Quizás el truco de memoria más asombroso de todos es la forma en que Stalin se queja ruidosamente entre 1942 y 1944 sobre la supuesta negativa de sus aliados a abrir un "Segundo Frente" en Europa contra Hitler (¡aunque en realidad abrieron uno en Italia en 1943!) todavía aceptado al pie de la letra, a pesar del hecho de que Stalin se negó a mover un dedo para ayudar a Estados Unidos contra Japón durante casi cuatro años después de Pearl Harbor: incluso tuvo cientos de pilotos estadounidenses, obligados a abandonar el territorio soviético después de bombardeos en Japón. , arrestados e internados como prisioneros de guerra.

Aún más extraña es la historia de cómo EE. UU. Envió 8.244 millones de toneladas de material de guerra, incluido un millón de toneladas de combustible para motores y aviación, a los ejércitos del Lejano Oriente de Stalin entre 1941 y 1945, a través de las aguas territoriales japonesas; a los almirantes de Japón aparentemente no les importaba eso. Estados Unidos estaba desperdiciando sus valiosos recursos en la neutralidad de Stalin en lugar de usarlos él mismo o para ayudar a China. No les importó, es decir, hasta que Stalin rompió su Pacto de Neutralidad con Japón después de Hiroshima y se apresuró a conquistar un imperio del norte de Asia más grande que Gran Bretaña y Francia juntas en varias semanas, con ejércitos soviéticos mecanizados generosamente abastecidos y alimentados por American Lend-Lease. .

Al menos una de las razones por las que tan pocos relatos occidentales han desafiado la narrativa preferida de Stalin sobre la guerra es que, hasta hace poco, no tenían las fuentes para hacerlo. En algunas áreas, casi no teníamos información. Stalin no permitió que la Cruz Roja investigara los campos de prisioneros de guerra soviéticos; la URSS, a diferencia de la Alemania nazi, ni siquiera fue signataria de los Convenios de La Haya o Ginebra.

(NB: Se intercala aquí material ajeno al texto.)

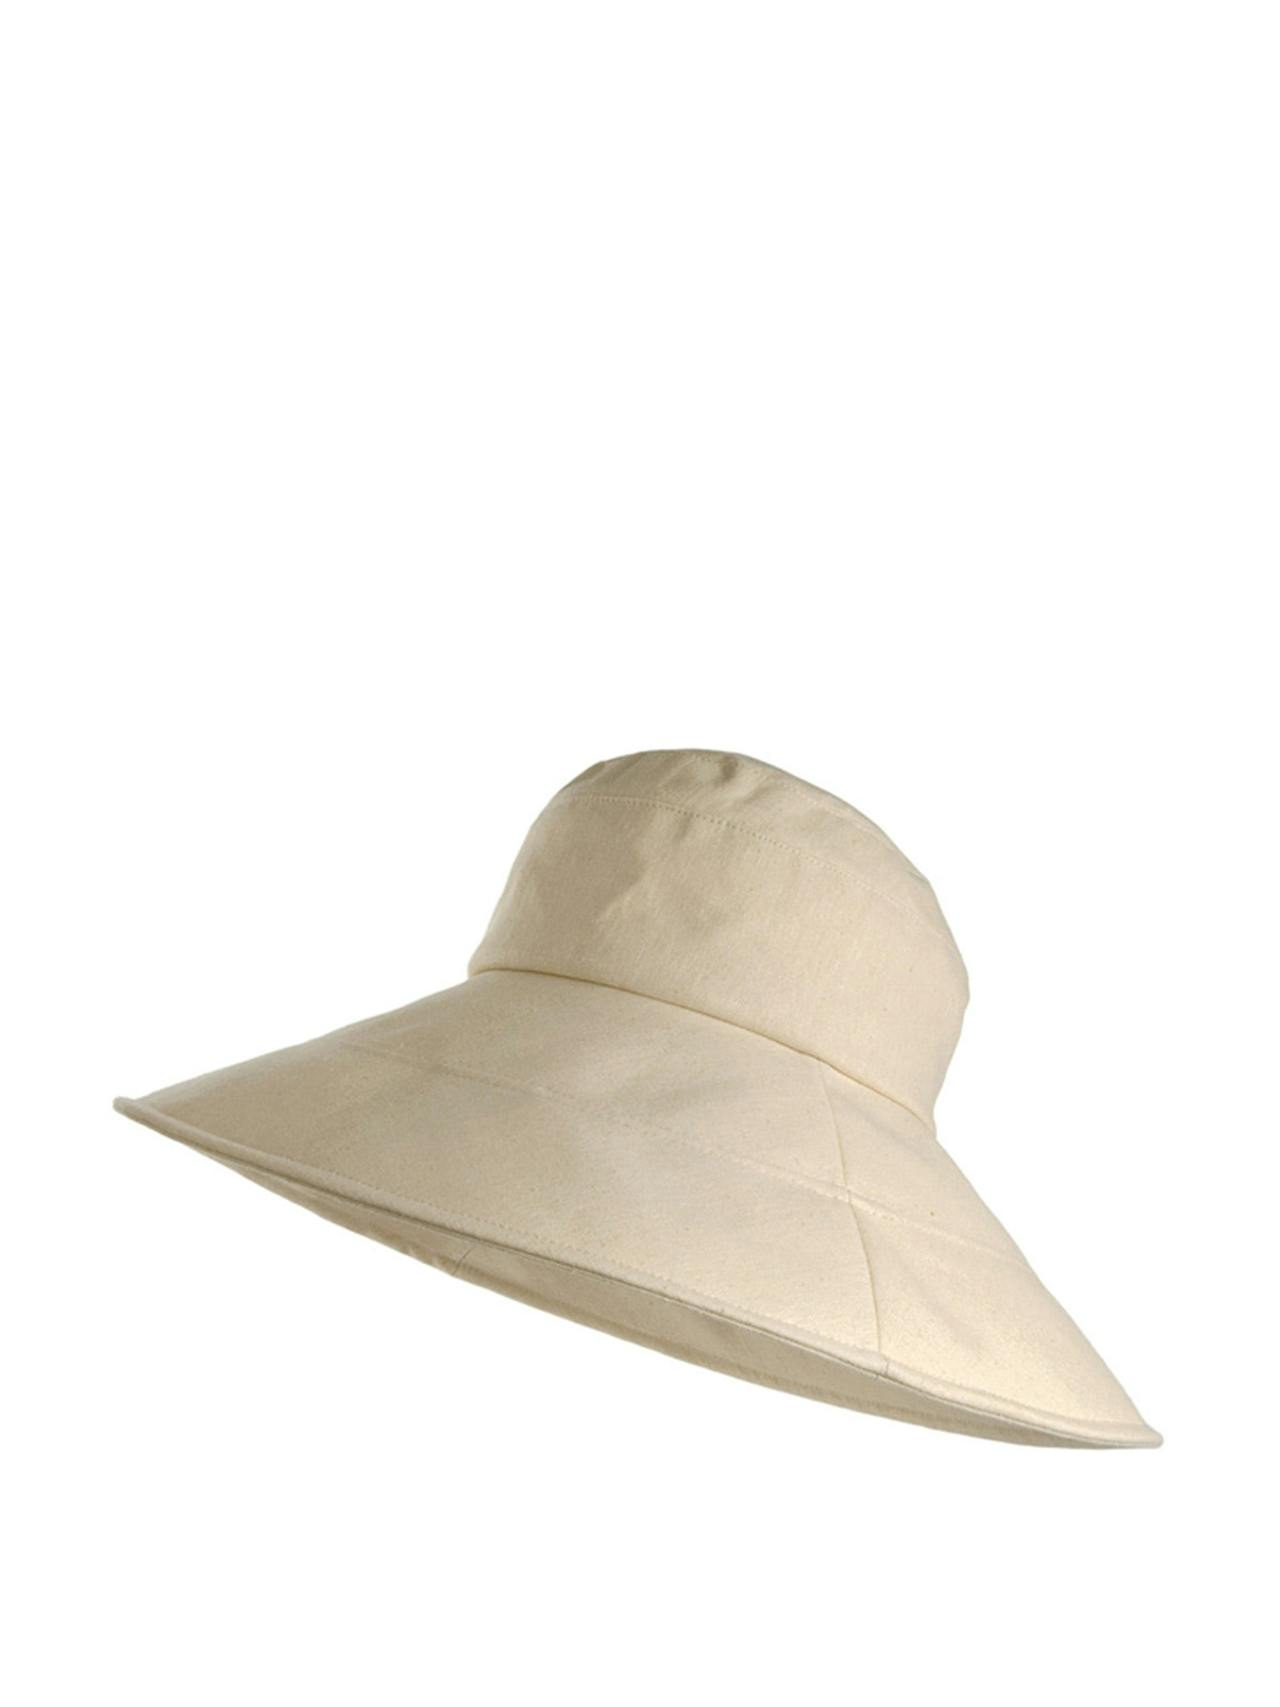 Monaco packable sun hat

Incluso historias aparentemente positivas, como el papel de la ayuda estadounidense de Préstamo y Arrendamiento para revivir las fábricas de Stalin y equipar sus ejércitos, solo podían adivinarse realmente, ya que Stalin no permitió que los observadores estadounidenses, durante la guerra, vieran cómo estaba el material de guerra estadounidense. siendo utilizado en fábricas o en el frente (aparte de los ingenieros estadounidenses que llegaron en avión para solucionar problemas, quienes juraron guardar el secreto).

Muchos archivos estadounidenses sobre préstamos y arriendos también permanecieron clasificados hasta la década de 1970 debido a transferencias de tecnología sensible y al intercambio de secretos atómicos con Stalin, sin mencionar el papel no anunciado de esos más de 8 millones de toneladas de material de guerra y combustible estadounidense de gran talento que Los ejércitos del Lejano Oriente de Stalin solían difundir el comunismo en Asia, junto con el papel de los espías y agentes de influencia soviéticos en Washington DC en la formulación y el refuerzo de estas políticas: todos los asuntos que las administraciones de Roosevelt y Truman querían silenciar después de la guerra por una buena razón.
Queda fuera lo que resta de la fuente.